The un-cooled type IR sensor is again divided into a bolometer type, a thermocouple type, and a pyro-electric type. The pyro-electric type IR sensor has high detectivity but low productivity. In contrast to the pyro-electric type IR sensor, both the bolometer type and the thermocouple type IR sensors have a relatively lower detectivity than that of the pyro-electric type IR sensor, but high productivity can be achieved by manufacturing the IR sensors together with detection circuits on a single silicon wafer (monolithic type). Therefore, both the bolometer type and the thermocouple type IR sensors meet the civilian demands. The bolometer type IR sensor detects infrared ray by absorbing infrared ray radiated from an object, converting the absorbed infrared into thermal energy causing temperature increase, and measuring the resistance variation generated by such thermal variations.
FIG. 1 illustrates a two-level bolometric IR sensor as disclosed in U.S. Pat. No. 5,300,915 referred to as “thermal sensor”.
Referring to FIG. 1, the two-level bolometric IR sensor 10 comprises a raised upper layer 11 and a lower layer 12. The lower layer has a flat surface semiconductor substrate such as a silicon substrate. The surface of the silicon substrate has several components of an integrated circuit including diodes, x and y bus lines, connections, and contact pads at the end of the x bus lines. The raised upper layer 11 includes a first silicon nitride layer, a bolometer layer, a second silicon nitride layer therebetween, and an IR absorbing layer over the second nitride layer. The two layers 11 and 12 are separated by a cavity.
In the above-mentioned prior IR sensor, a number of problems exist. For example, a plural of supporting parts are placed on the raised upper layer, thereby decreasing an entire area for absorbing the infrared ray. Therefore, a maximum area for absorbing the infrared ray can be hardly achieved.
Korean Patent No. 10-299642, Korean Patent No. 10-299643, U.S. Pat. No. 6,441,374, and U.S. Pat. No. 6,448,557 disclose IR sensors and fabricating methods thereof for improving sensitivity and fill factor of an IR sensor, such as a bolometric sensor with three layers, a method for manufacturing a bolometric sensor with three layers, a bolometric sensor with three layers including a infrared reflective layer, and a thermal type infrared ray detector with a thermal separation structure, respectively.
However, in the above-mentioned prior art, electrical and structural properties of infrared sensors are used to improve an absorption rate.
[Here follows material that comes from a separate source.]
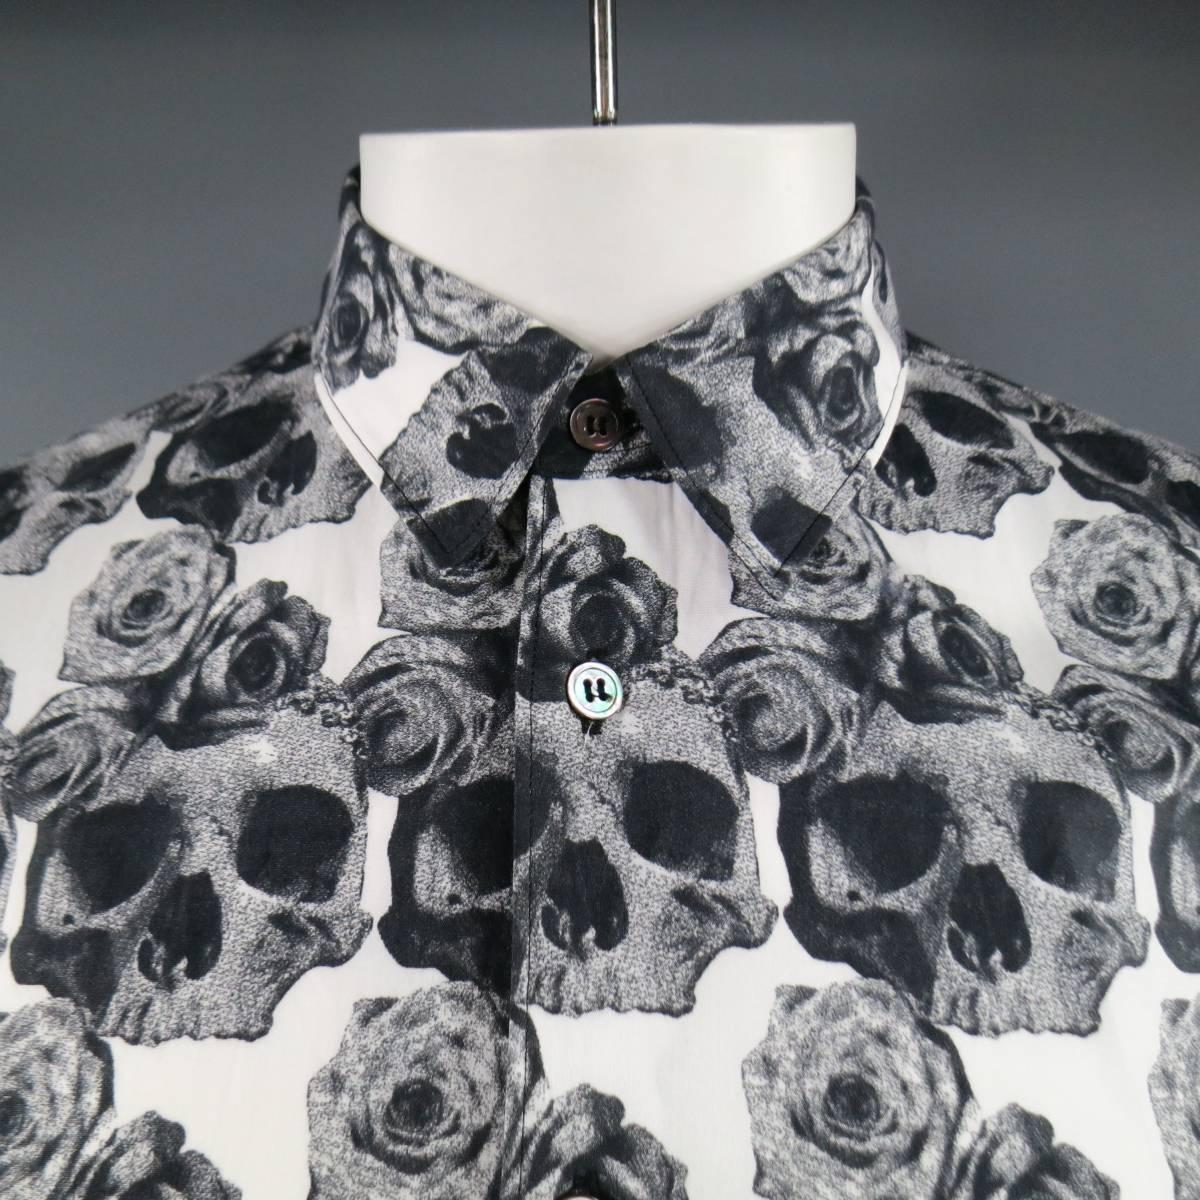 COMME des GARCONS Long Sleeve Shirt consists of cotton material in a black and white color tone. Designed with a slim pointed collar, button-up front, skull and rose print throughout body of shit. Single button cuff, 3/4 length sleeve and cropped
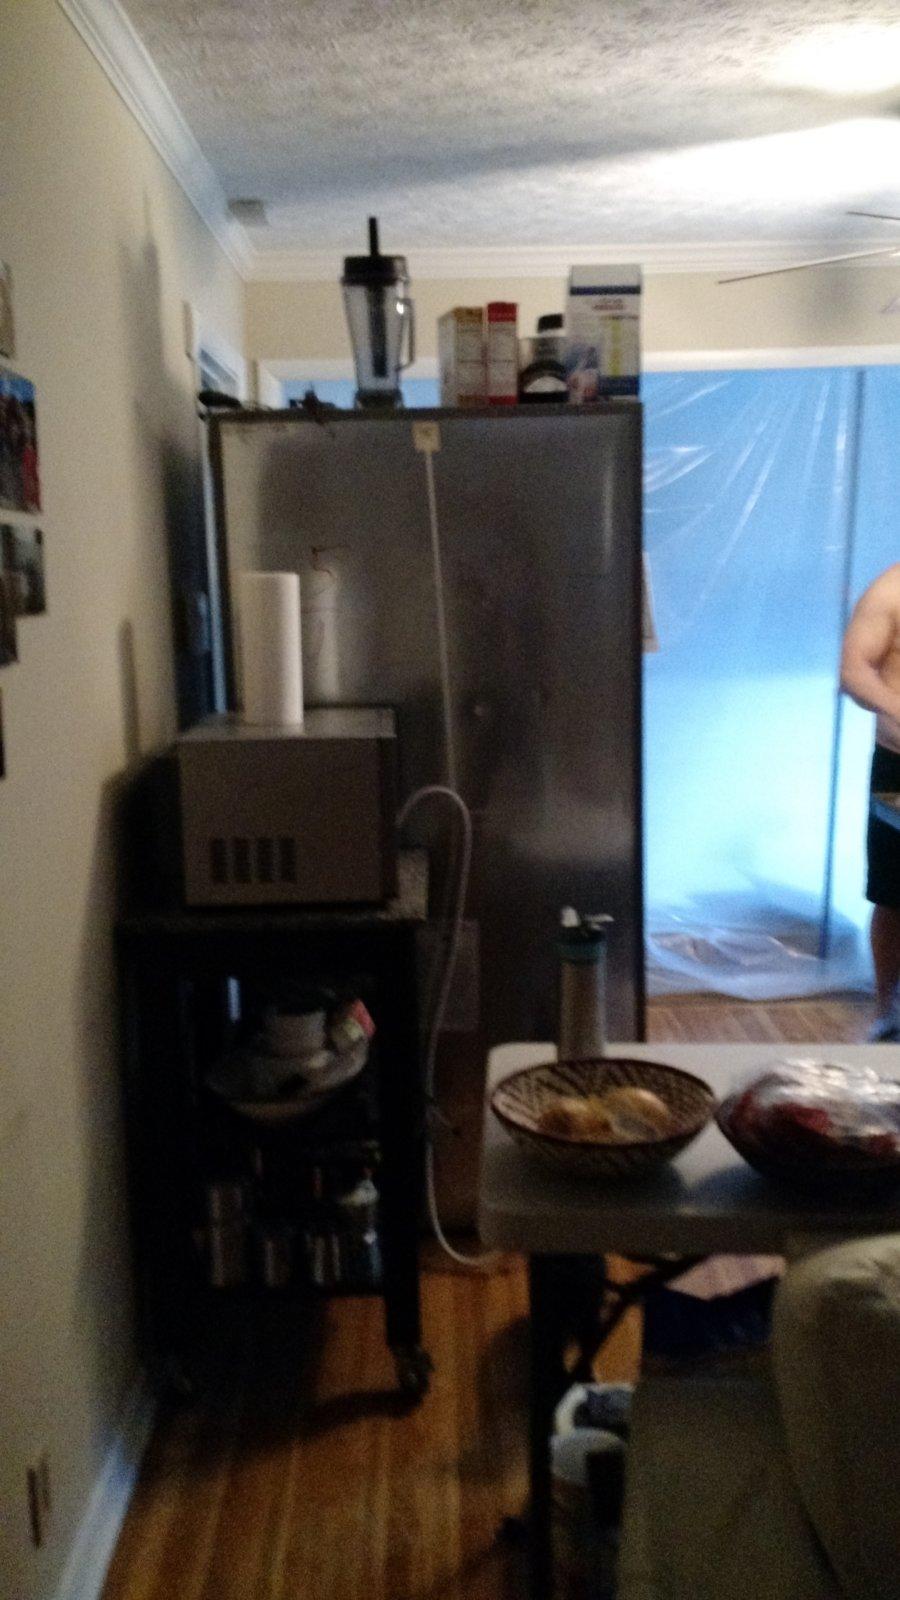 Brought the microwave back online for the remodel.

Thus, in comparison to IR sensors designed based on a spectroscopic approach, such prior IR sensors provide only a relatively low absorption rate. In addition, in the infrared ray absorbing bolometer according to the prior art methods, an upper part absorbing an infrared ray is raised from an bottom part (i.e., cavity is formed), thereby resulting in the deformation of the upper part of the IR sensor, detrimentally affecting the characteristics of the IR sensor.
To solve such problems, several solutions have been provided. For example, in Korean Publication No. 2000-46515, an IR sensor with three layers is disclosed which comprises a silicon oxy-nitride layer both on and under a silicon oxide layer again enclosing a bolometer layer to prevent the deformation of the IR sensor caused by reactions between vapors in the air and the silicon oxide layer. In Korean Publication No. 2000-04158, an bolometric IR sensor is disclosed which comprises a bolometric IR sensor is disclosed which comprises a driving layer, a supporting layer, a backing layer therebetween and an absorbing layer.
In spite of such solutions, there still exist a number of shortcomings. In detail, additional processes are required to form the silicon oxy-nitride layer and heat, instead of vapor, still cause the deformation of the upper part. In addition, the formation of the backing layer also requires additional processes and reduces an IR absorbing area.